While on vacation in Seattle, my mother uncovered an enormous box of old tapes, mostly mine. Some of them date back to my first days as a sentient human being, but most of them are early recordings of stuff I wrote or performed in my teenage years. She seemed only too happy to cue them up and listen to the lot of them, even suggesting a few old songs I could re-work and re-release as an adult.

The truth is that most of that stuff is painful for me to listen to. It’s not the quality of my singing- which was terrible -or my songwriting ability- which was abysmal. I mean, I wasn’t even old enough to shave when some of these tapes were made, so I’m not expecting the seasoned performer that I’ve become to shine through something I taped in 1996. But my mother didn’t seem to understand my refusal to start listening until I explained myself.

These tapes are a time capsule from the most awkward, uncertain, insecure period of my life that I have literally spent the last twenty years trying to overcome. Are the songs about that insecurity? Of course not. Most of it’s upbeat Christian pop that I wrote because I thought that’s what other people wanted to hear. You won’t find a trace of my awkwardness in the lyrics, but when I listen to those old songs it’s all I can hear.

They’re a portrait of a kid too chicken-shit to take risks with self-expression and so desperate for the approval of others that his words were largely empty. The kid who was never popular, so he copied the actions of his peers and hoped he’d find success mirroring the successful. Lyrics of confidence sung by a phenomenally gifted liar.

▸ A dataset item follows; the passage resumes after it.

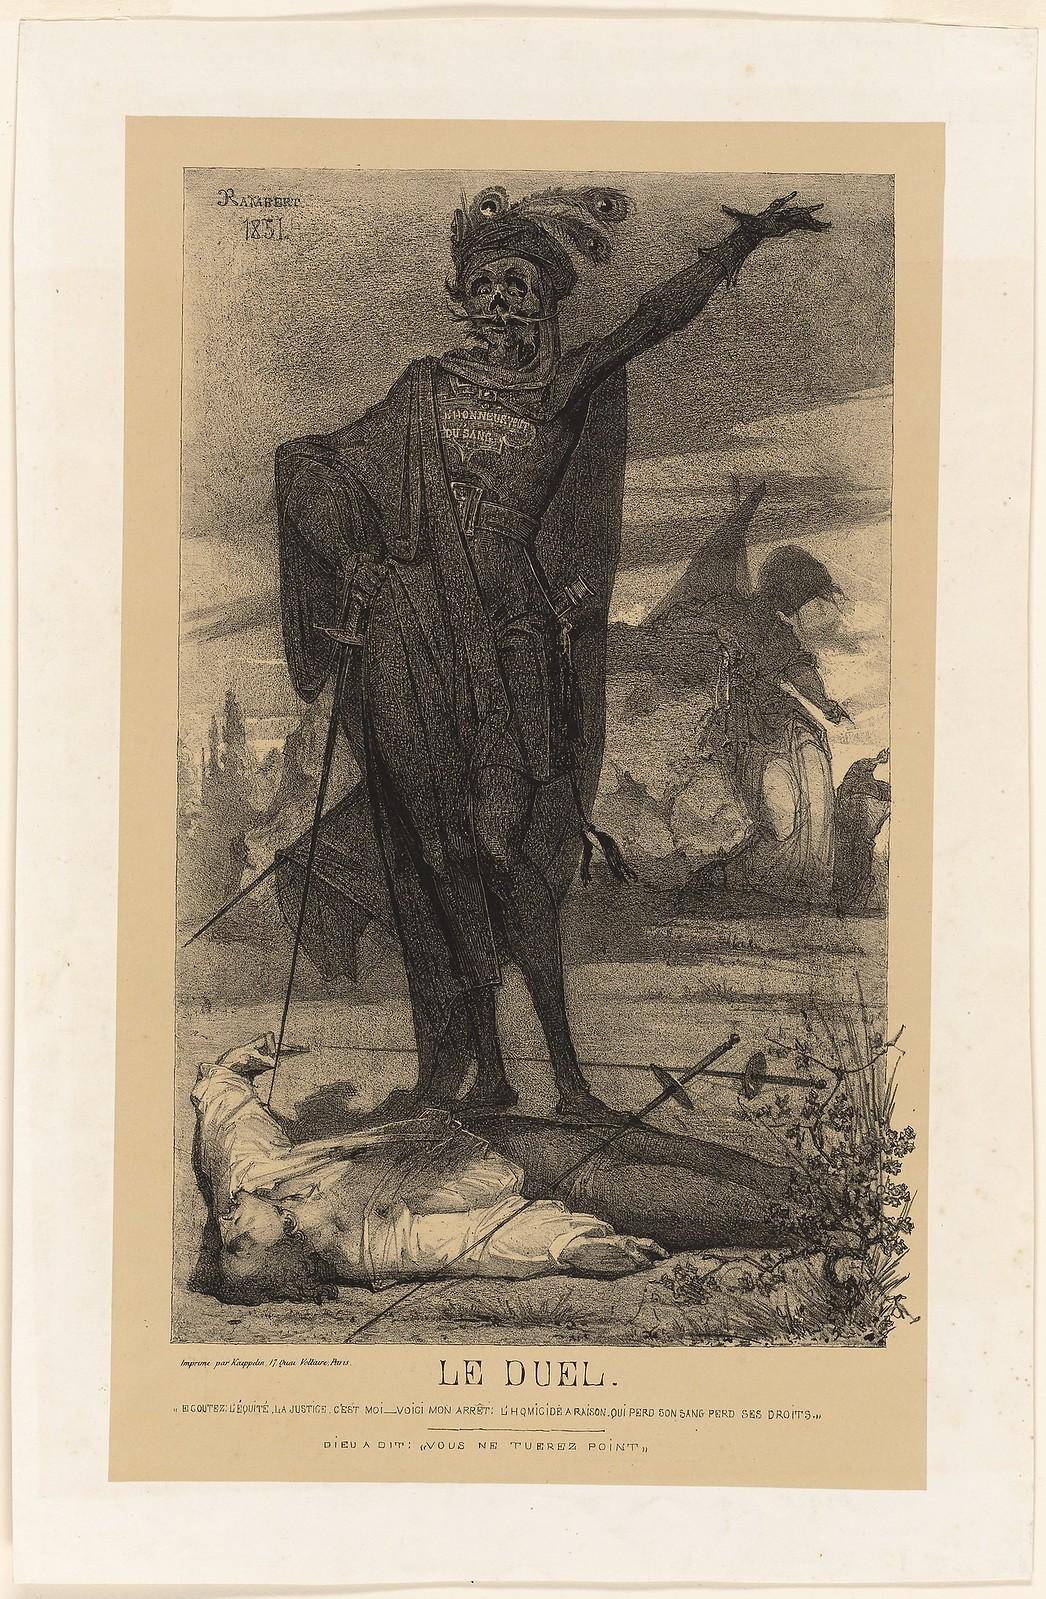 Charles Rambert - The Duel, 1851

I’ve always been a good liar. Hell, I’ll bet you think I’m making enough money to pay rent next month. Maybe I haven’t grown up that much after all.

I understand the importance of hanging on to these old recordings, if only for archival purposes. I may even browse through them someday when I’m on an emotional high and can withstand the hit. But until then, Mom can keep the treasure trove of her happy memories. She remembers the kid that sung all those tunes rather fondly, but I’ve been trying like hell not to be him for far too long.

One of these days, I might remember that kid more fondly too.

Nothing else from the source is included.